Jozsef Kadlecsik wrote:
On Wed, 22 Apr 2009, Patrick McHardy wrote:
The well-maintained sites manage to locate on-site infected machines by
using IDS, traffic-analysis, etc. However the typical user case for small
sites is that the ISP or other offsite host report an abuse: "your machine
x.y.z.w attacked machine a.b.c.d/added to the RBL because of spamming/etc" -
and the machine x.y.z.w is of course their firewall. And they have got
nothing which could help them to pick the real machine from the NATed
network behind the firewall. And the small sites is the main reason why I'd
favor an "out of the box" solution, which does not rely on anything besides
netfilter/iptables.
Yes, but at that point, you can look at your logfiles and see who
connected to a.b.c.d and you'll see the internal address. Logging
the NATed address is not really helping since you need the internal
address anyways, so it seems natural to look at the unNATed information.
What am I missing here?
Hmm, if there are multiple clients connecting to the same external node
(or even just a few ones but the exact time is not definite due to the
unsynced clocks) then the hunted client does not stand out. But it might
indicate multiple infected machines as well...
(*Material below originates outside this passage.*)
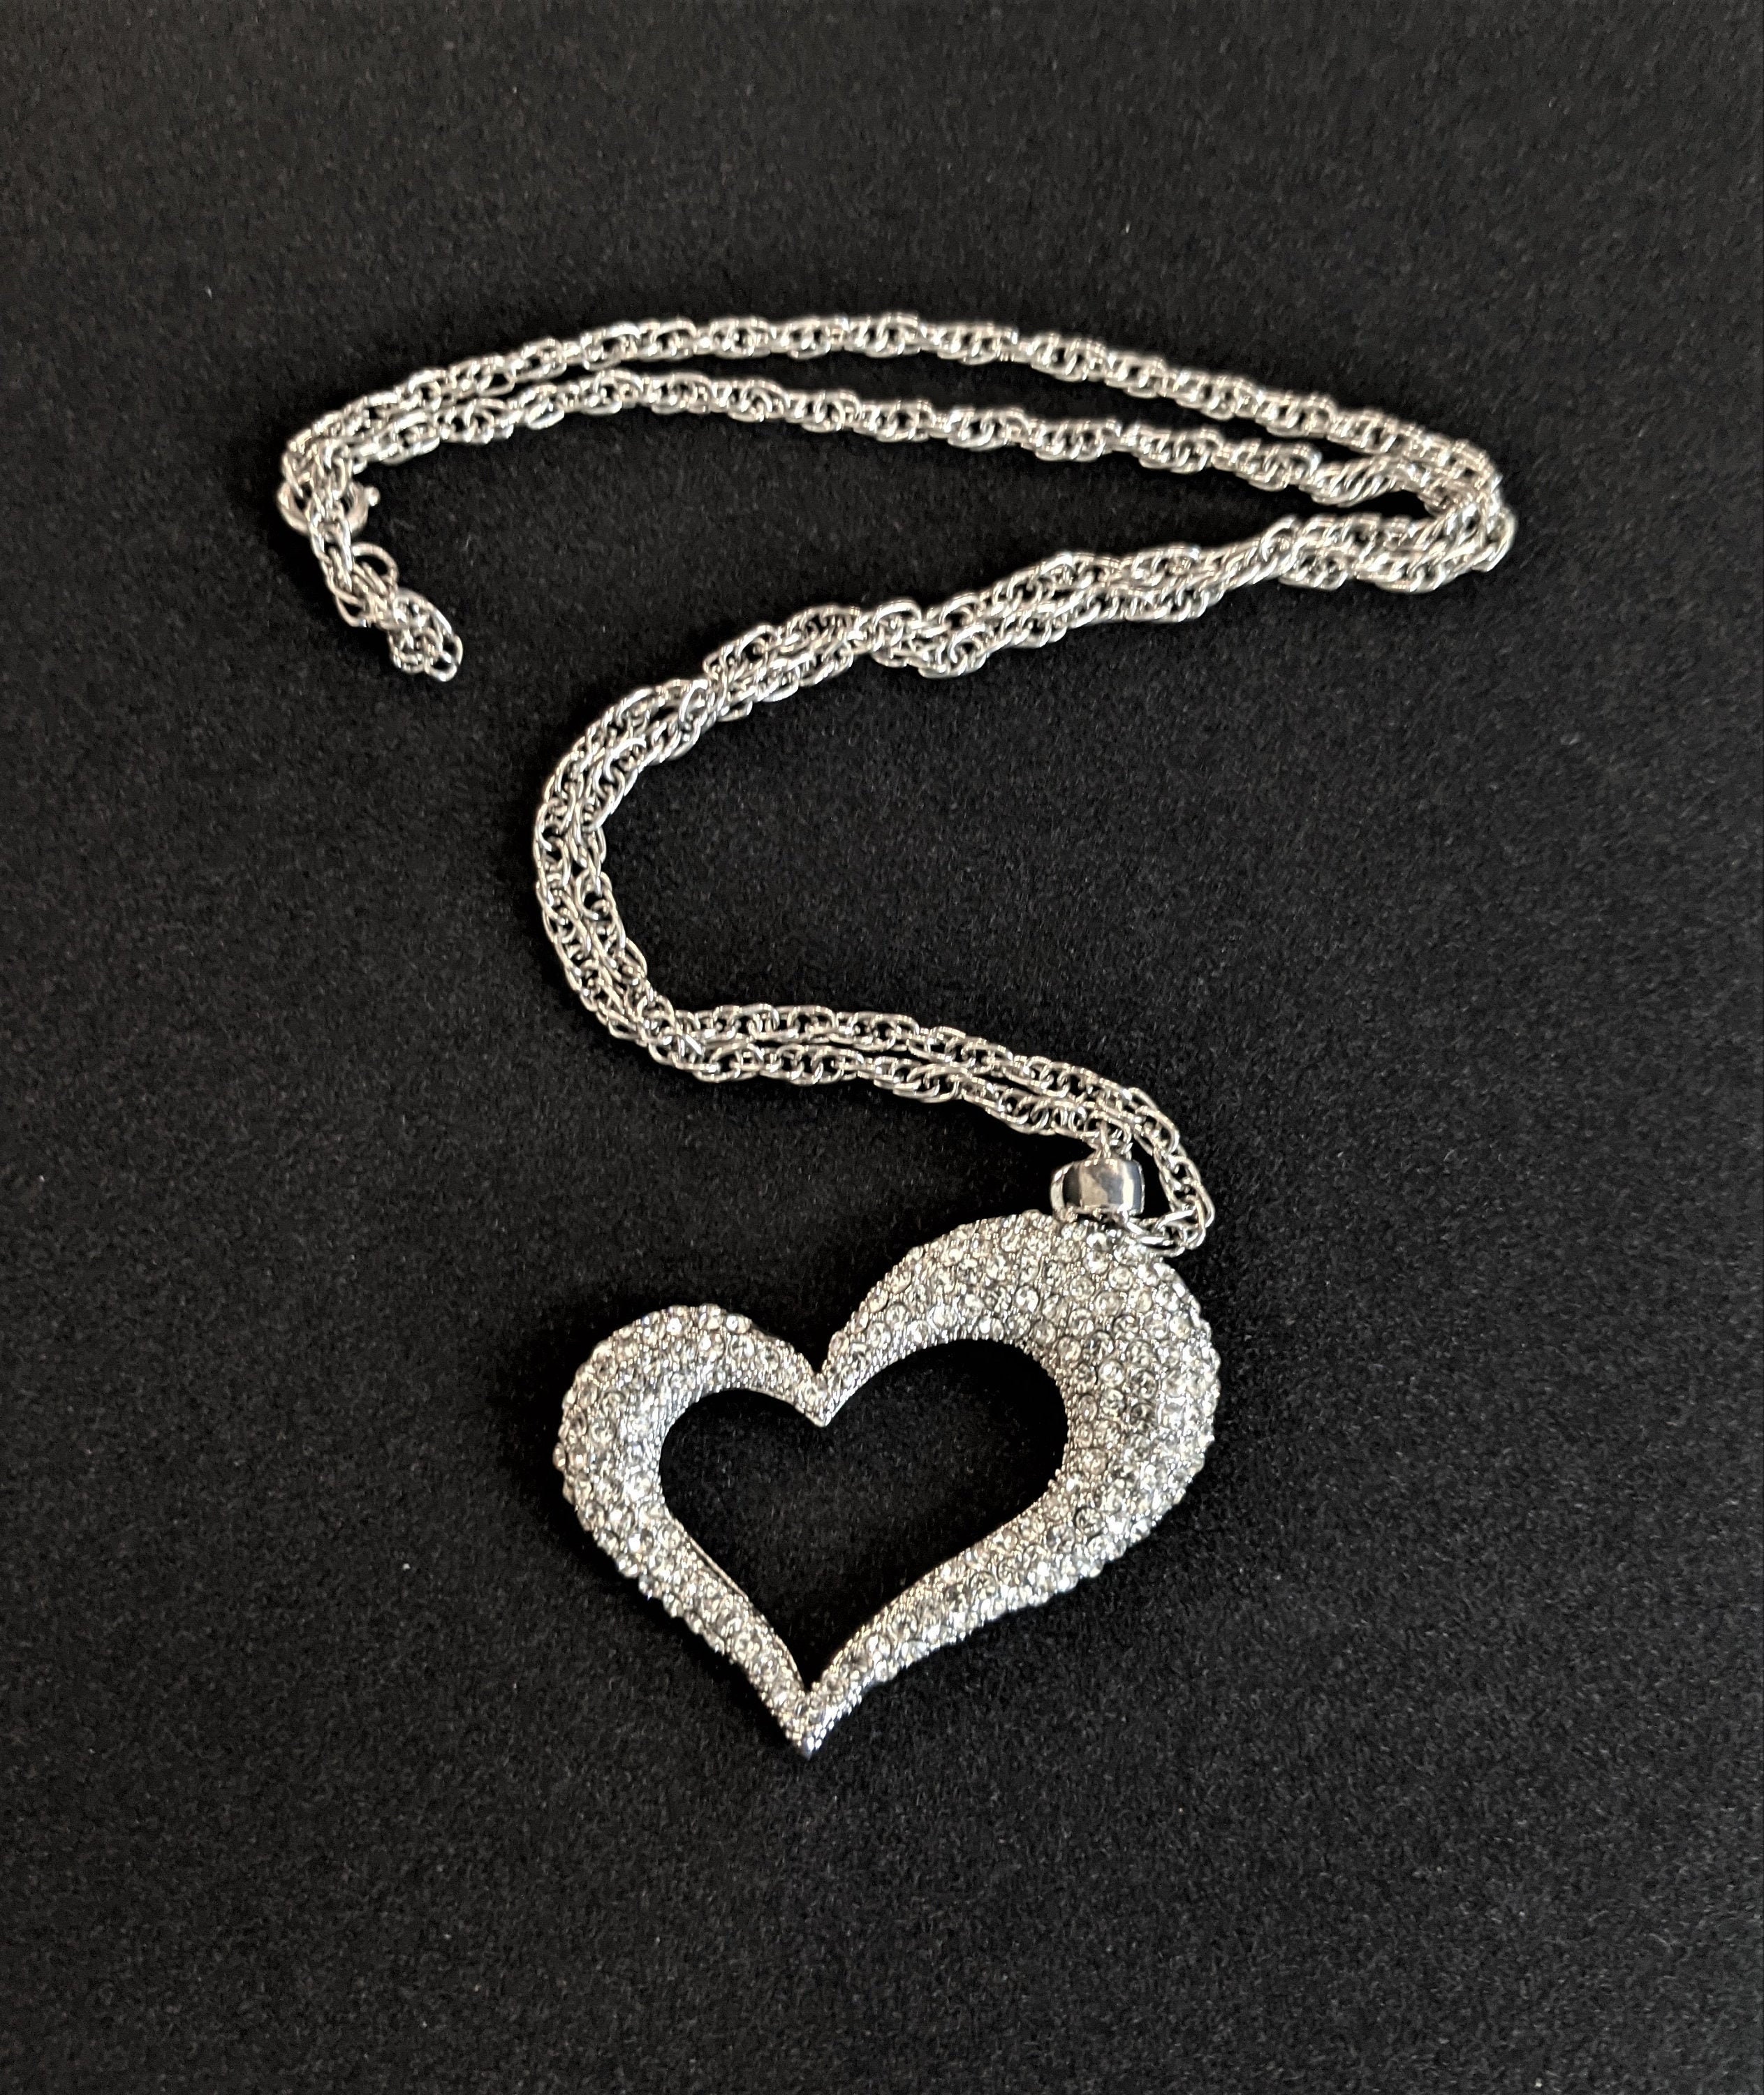 Yuehao Necklaces & Pendants Rhinestone Choker Necklace Diamond Heart Necklaces 2 Rows Chain Jewelry for Women Girls, Adult Unisex, Size: 12.3, Silver
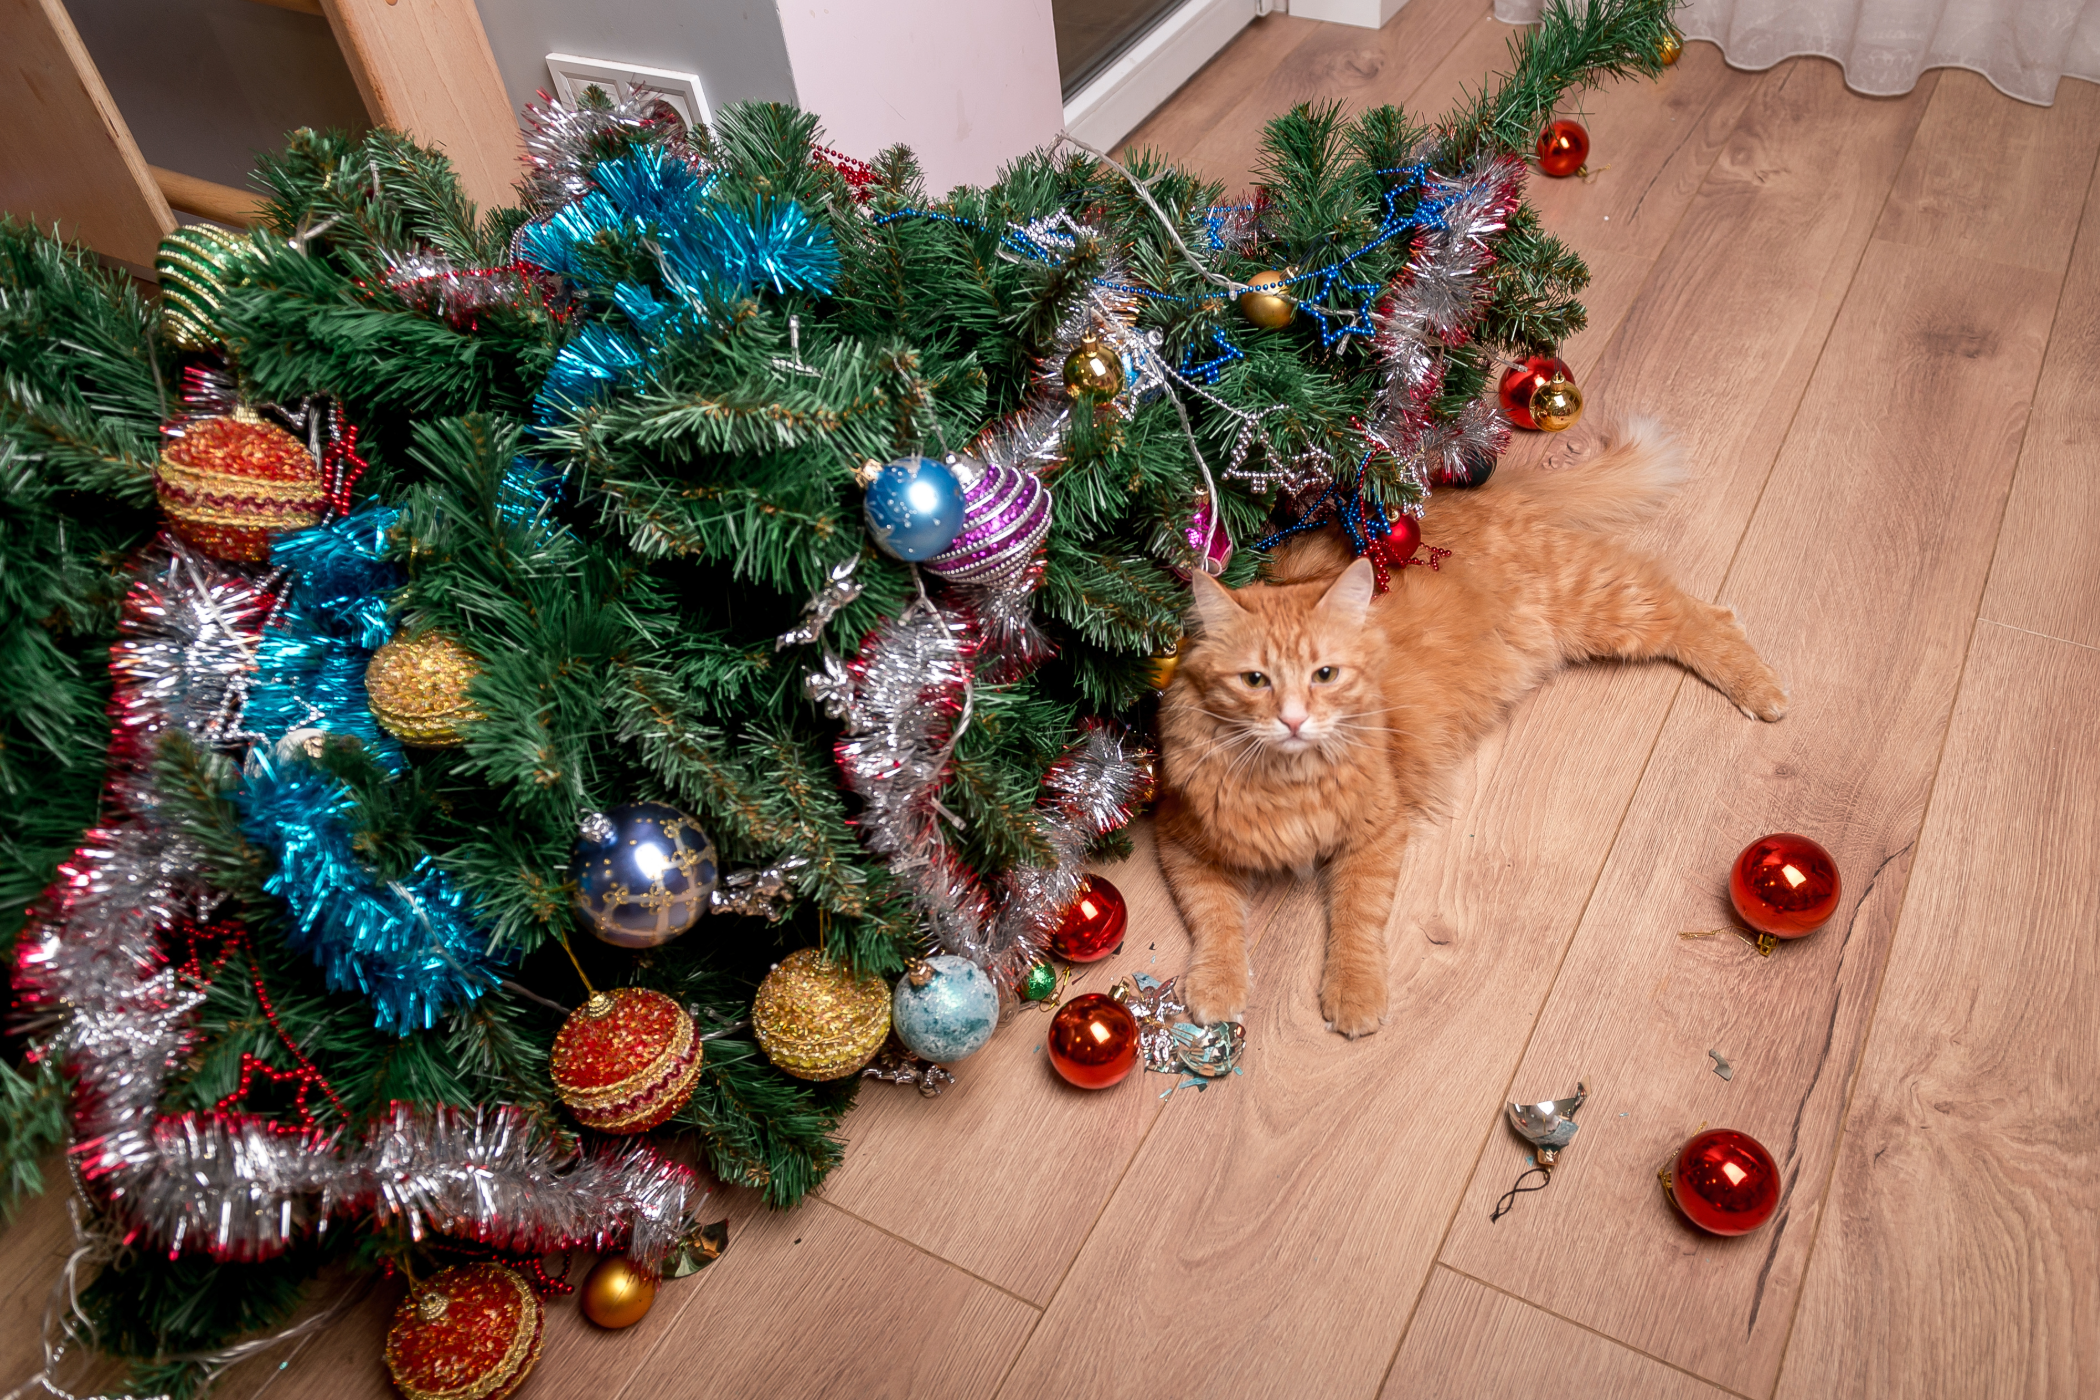 A cat not looking guilty while sitting next to a fallen Christmas tree.

Yes, you'd need at least destination port numbers to reduce false
positives. But the same is also true if you do log the NATed address.
For the small-site case you describe, the external address is usually
know anyways since there is only a single one :)
Just to be clear about this, I don't generally object to this,
but before making this (quite undesirable IMO) change, I'd like
to be sure that it actually provides a tantamount benefit.